* [Description of the task]: Only the lines from the one bearing "Soigner le papillomavirus" through the end of the listing belong in your response, restated word for word and without pictures.

··· Collected material

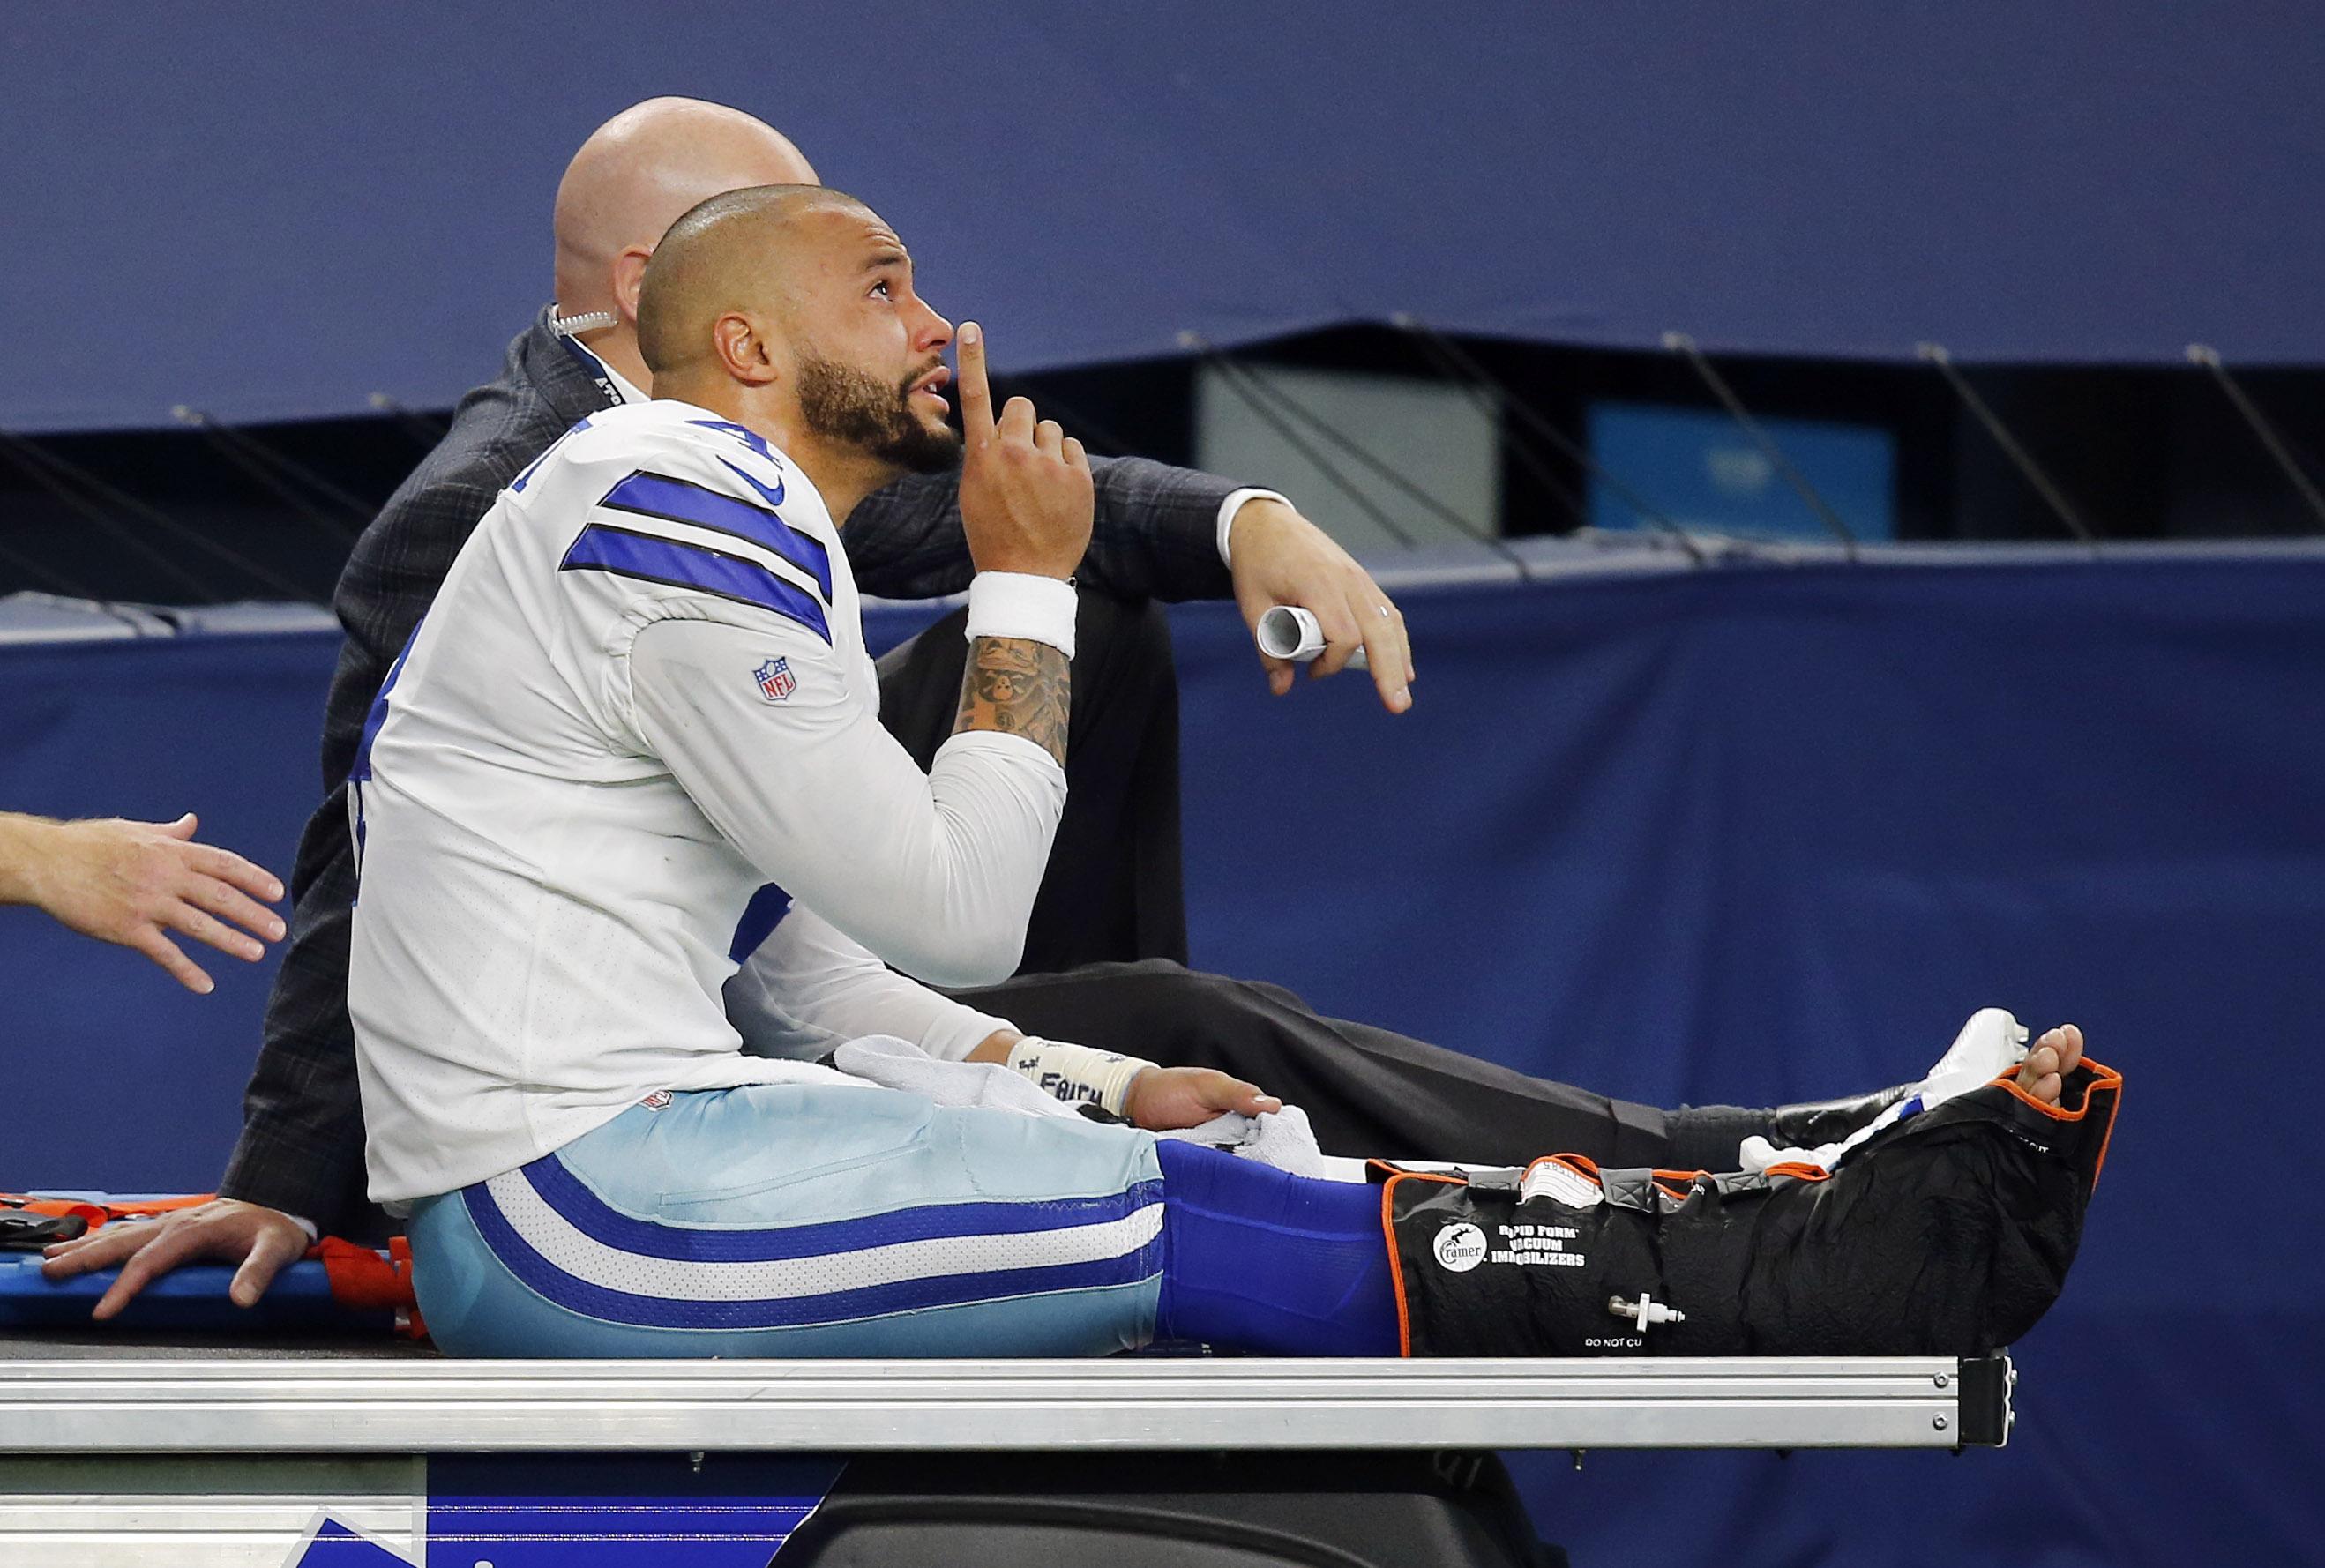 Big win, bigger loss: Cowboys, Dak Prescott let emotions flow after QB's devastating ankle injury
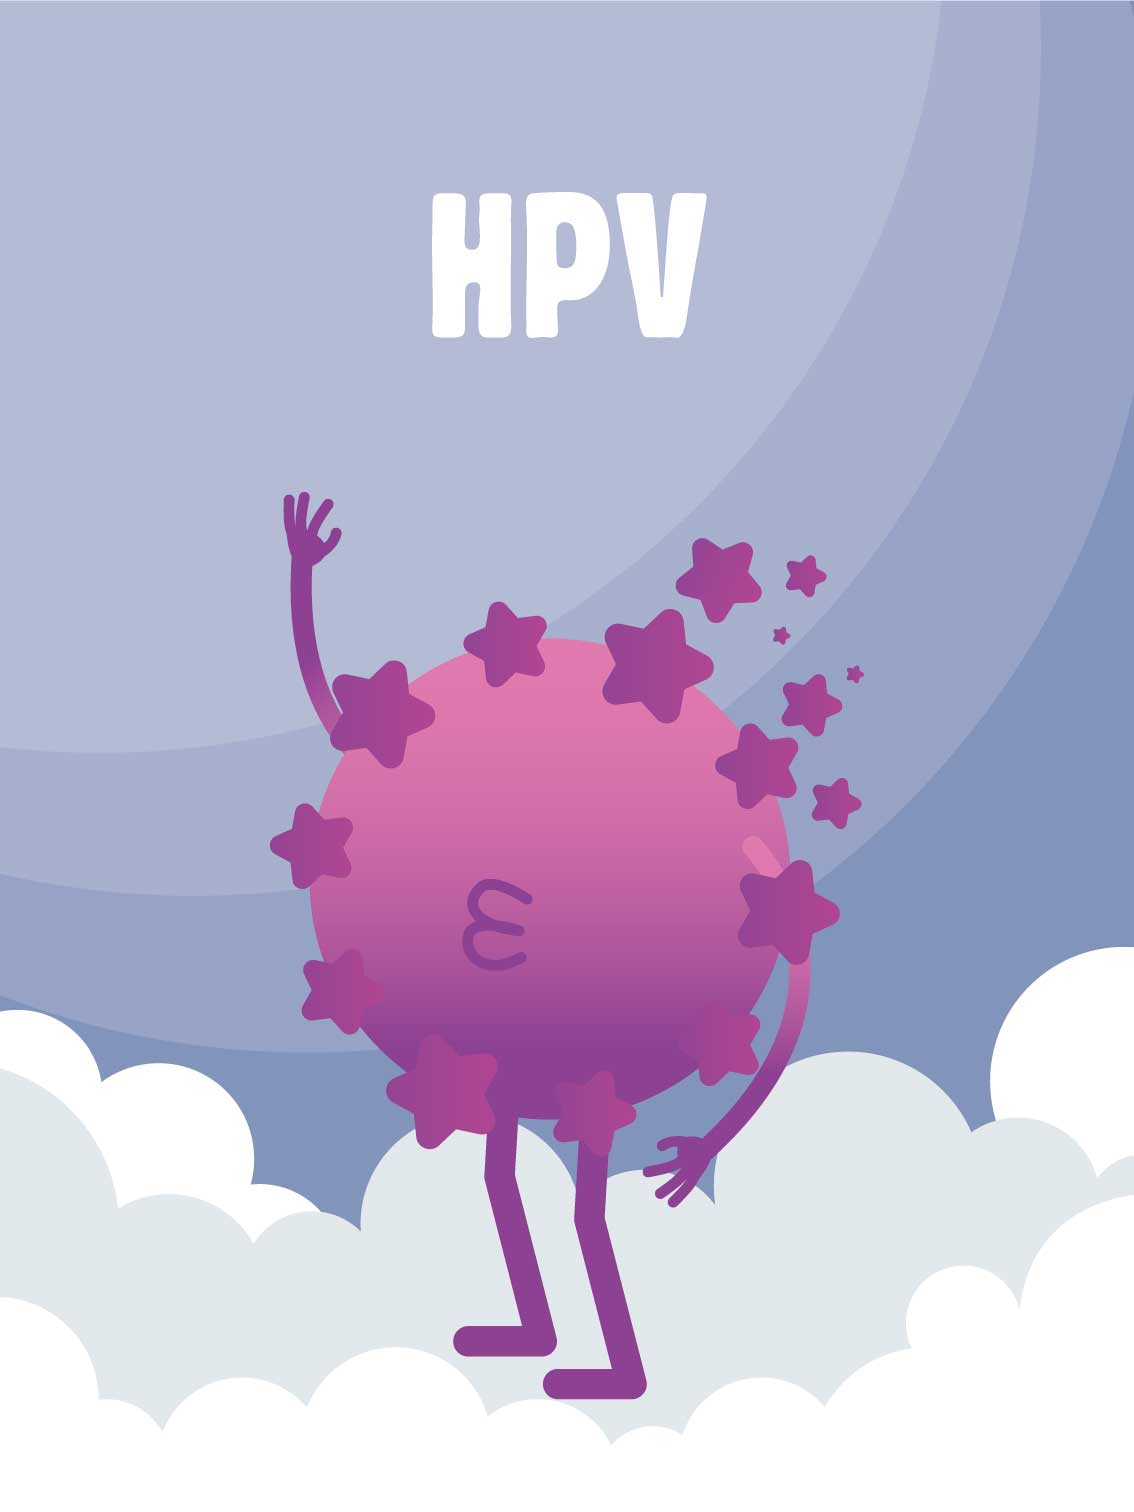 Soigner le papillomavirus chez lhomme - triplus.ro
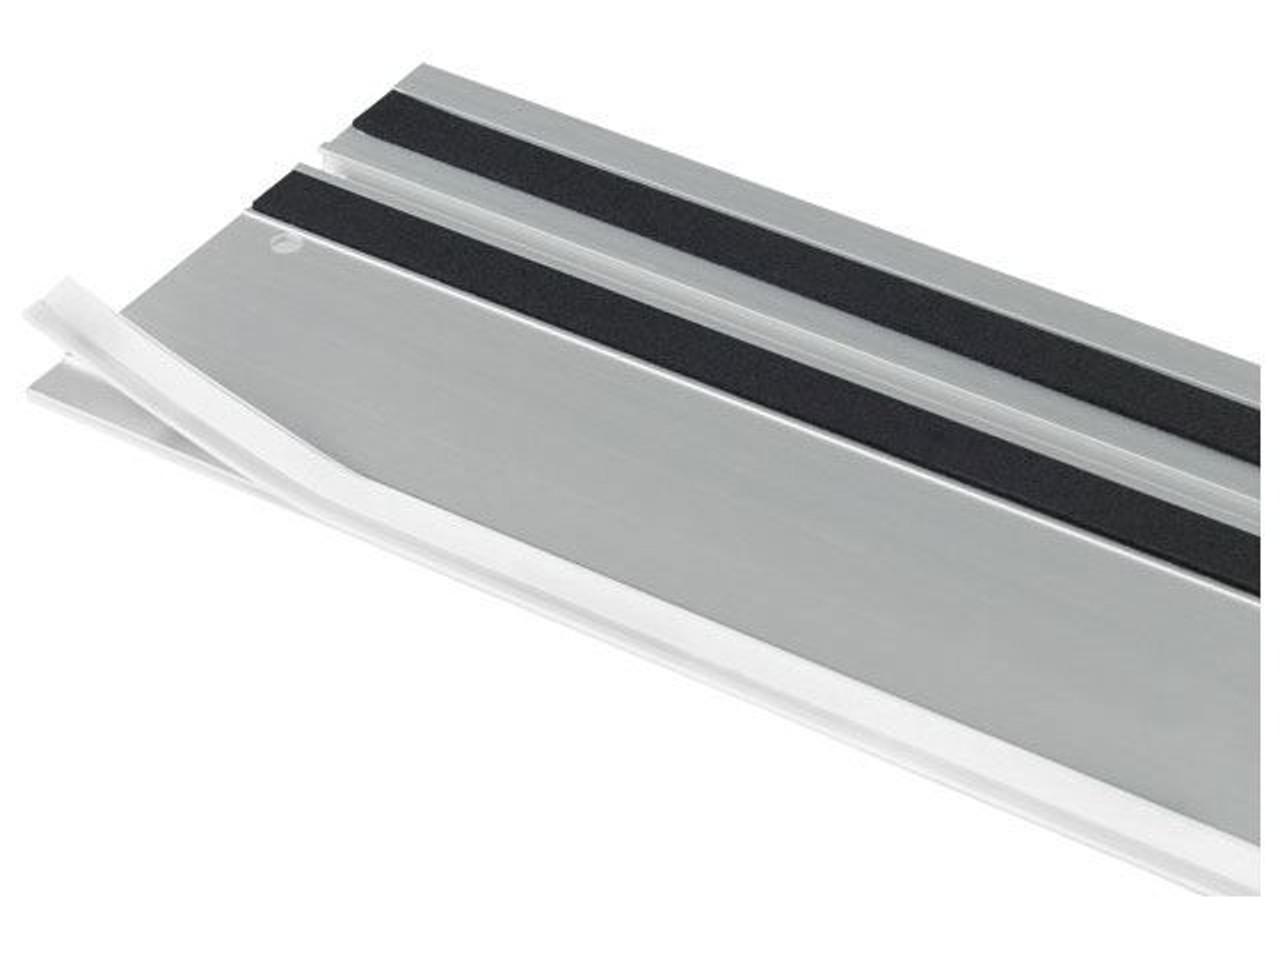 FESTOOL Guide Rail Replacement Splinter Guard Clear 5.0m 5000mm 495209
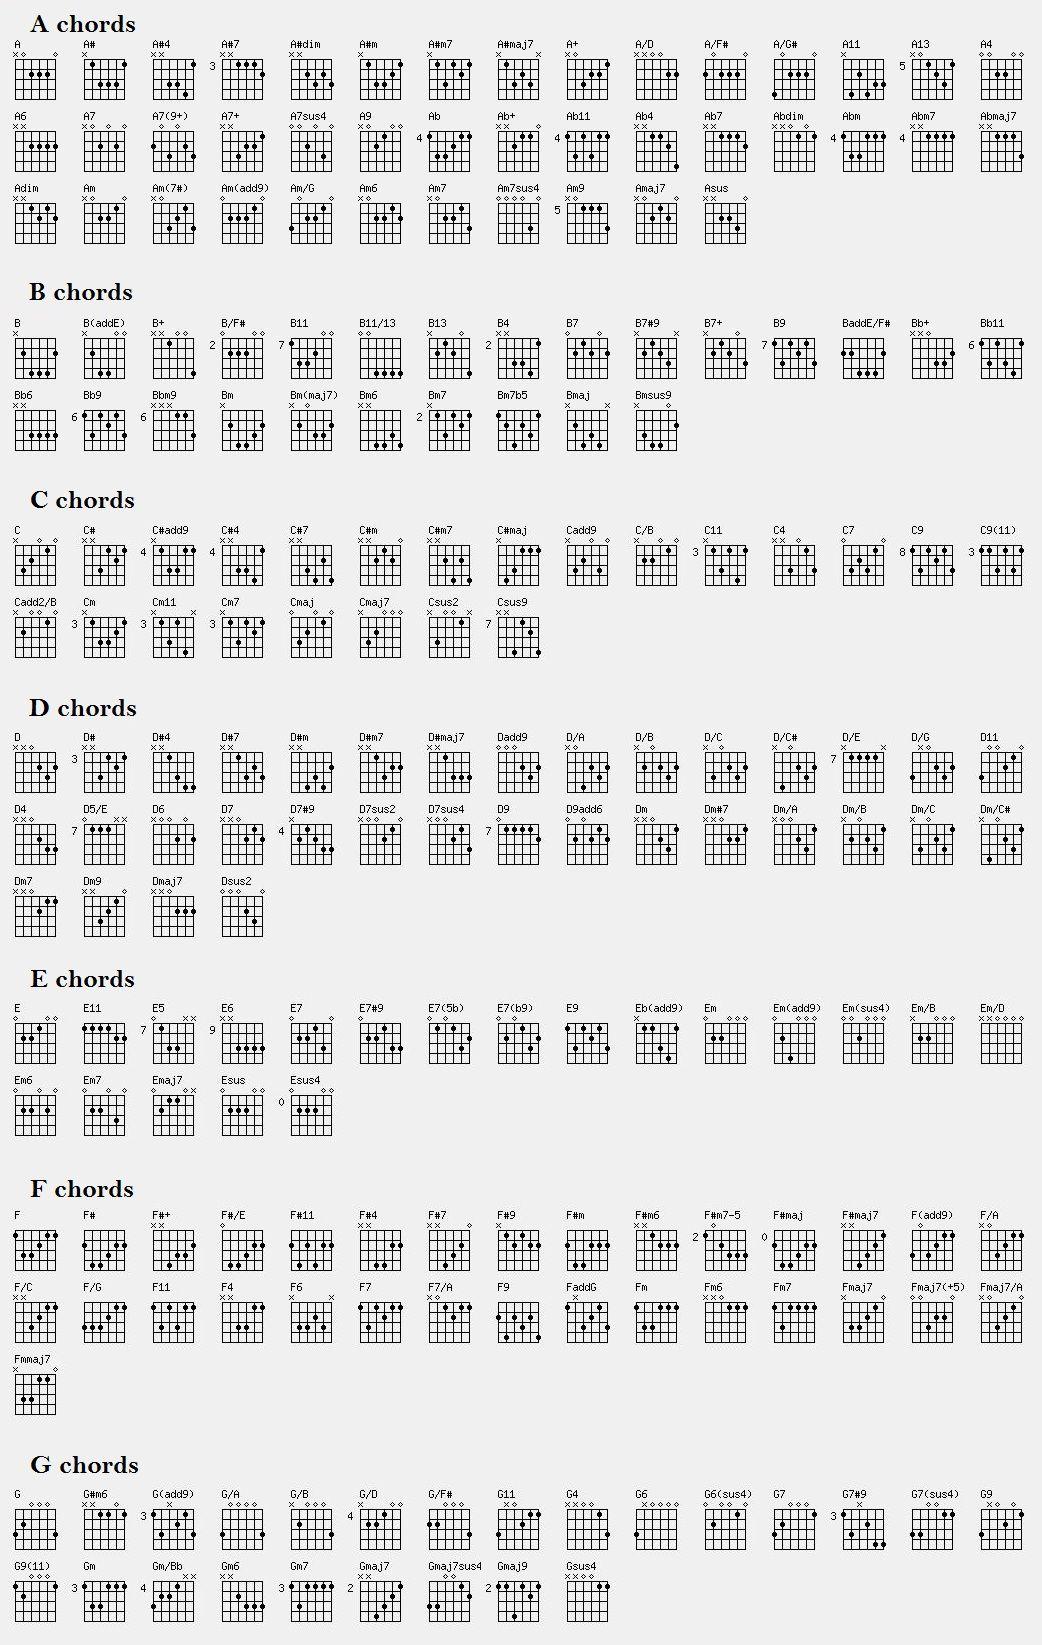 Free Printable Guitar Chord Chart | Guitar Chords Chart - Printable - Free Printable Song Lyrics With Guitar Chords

······

* [Task output]:
 Soigner le papillomavirus chez lhomme - triplus.ro
 FESTOOL Guide Rail Replacement Splinter Guard Clear 5.0m 5000mm 495209
 Free Printable Guitar Chord Chart | Guitar Chords Chart - Printable - Free Printable Song Lyrics With Guitar Chords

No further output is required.